We have shown that molecular shape plays a crucial role in controlling dynamics. Even subtle structural differences can dramatically alter how molecules reorient, both at ambient and high pressure (article link).

We sought to explain the strong pressure sensitivity of their molecular dynamics in the supercooled liquid state and found, surprisingly, that it cannot be attributed mainly to density changes (article link).

One of our key findings is that these anisotropic and sizable molecules exhibit a dual dynamic nature, challenging classical relations such as the Debye-Stokes-Einstein law (article link). This indicates that their motion cannot be described by simple, universal rules known from smaller systems.

We have also uncovered how cooperative dynamics emerges and evolves in liquids composed of anisotropic molecules, providing new insight into the fundamental nature of the glass transition (article link).

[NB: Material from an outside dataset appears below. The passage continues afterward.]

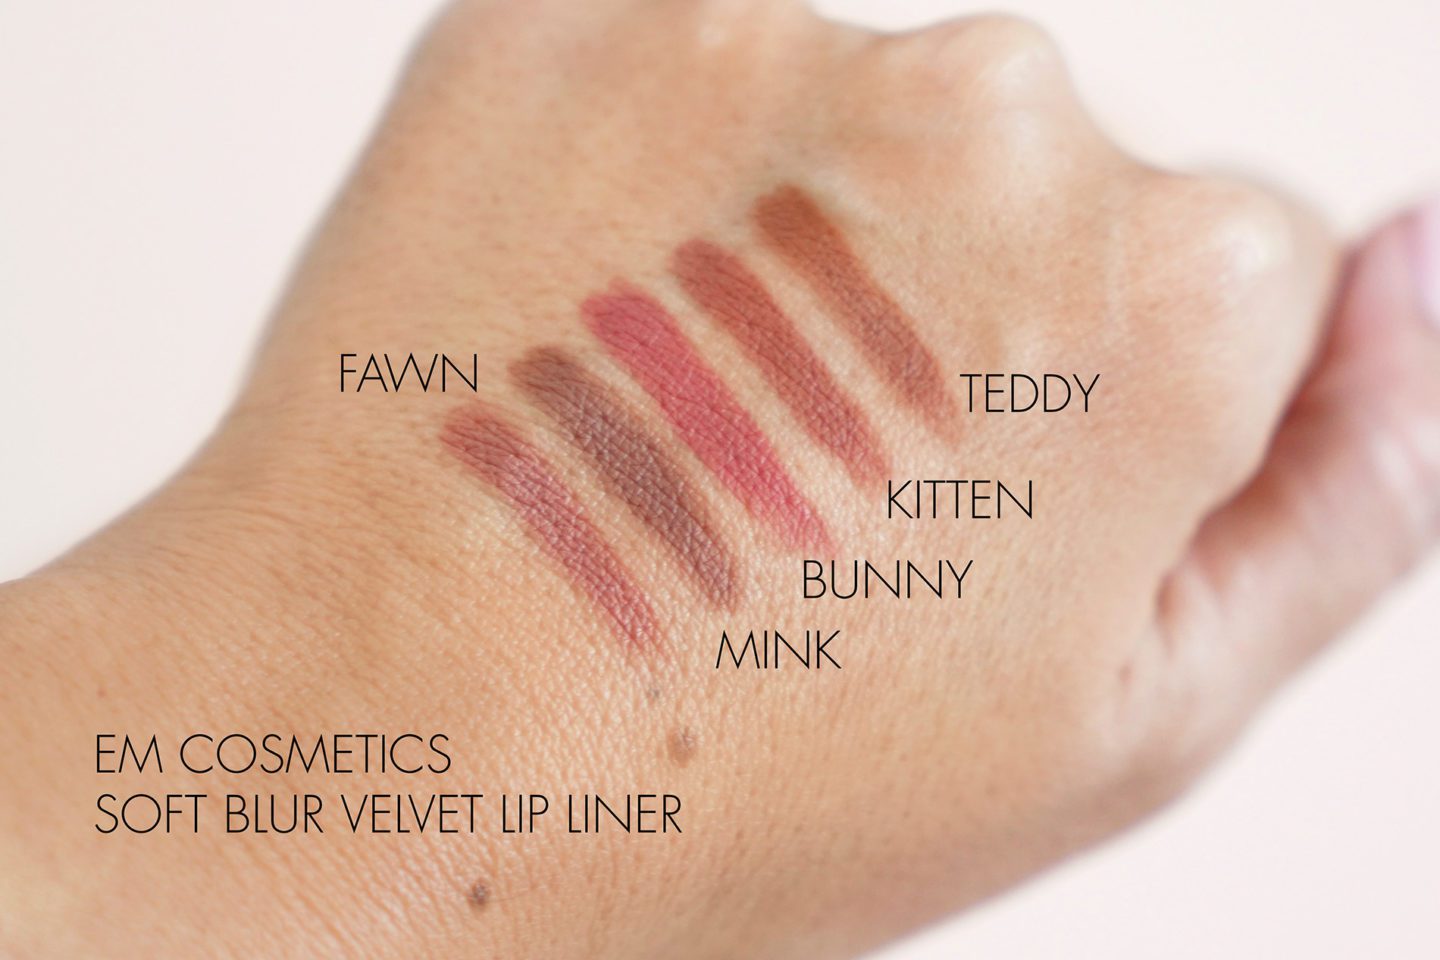 EM Cosmetics Soft Blur Velvet Lip Liner swatches

Importantly, we developed a novel concept of using internal molecular motions as local probes (article link). By analyzing secondary relaxations, we showed that polar rotating parts of a molecule can “sense” their surroundings, allowing us to extract detailed information about molecular environments inaccessible in simpler materials.

These studies revealed the potential of sizable molecules as molecular rotors (check here), since fragments of these large molecules can rotate even in the crystalline state. We showed that small chemical modifications can switch molecular rotation from fast to slow, leaving clear fingerprints in dielectric spectra (article link). We also identified two distinct patterns of dielectric response in polar molecular rotors and demonstrated how subtle chemical changes control rotational performance at the molecular level.

Moreover, by manipulating crystal polymorphs, we demonstrated that it is possible to engineer rotational dynamics in the solid state, opening new pathways in amphidynamic crystal technology, which uses the phenomenon of crystal polymorphism to design crystals with tailored internal rotational dynamics (article link).

Altogether, our results show thatsizable glass-forming molecules constitute a new and unique class of materials with complex, multi-scale dynamics. These findings not only deepen our understanding of glass-forming matter, but alsoopen new directions for studying and controlling molecular motion in advanced functional systems.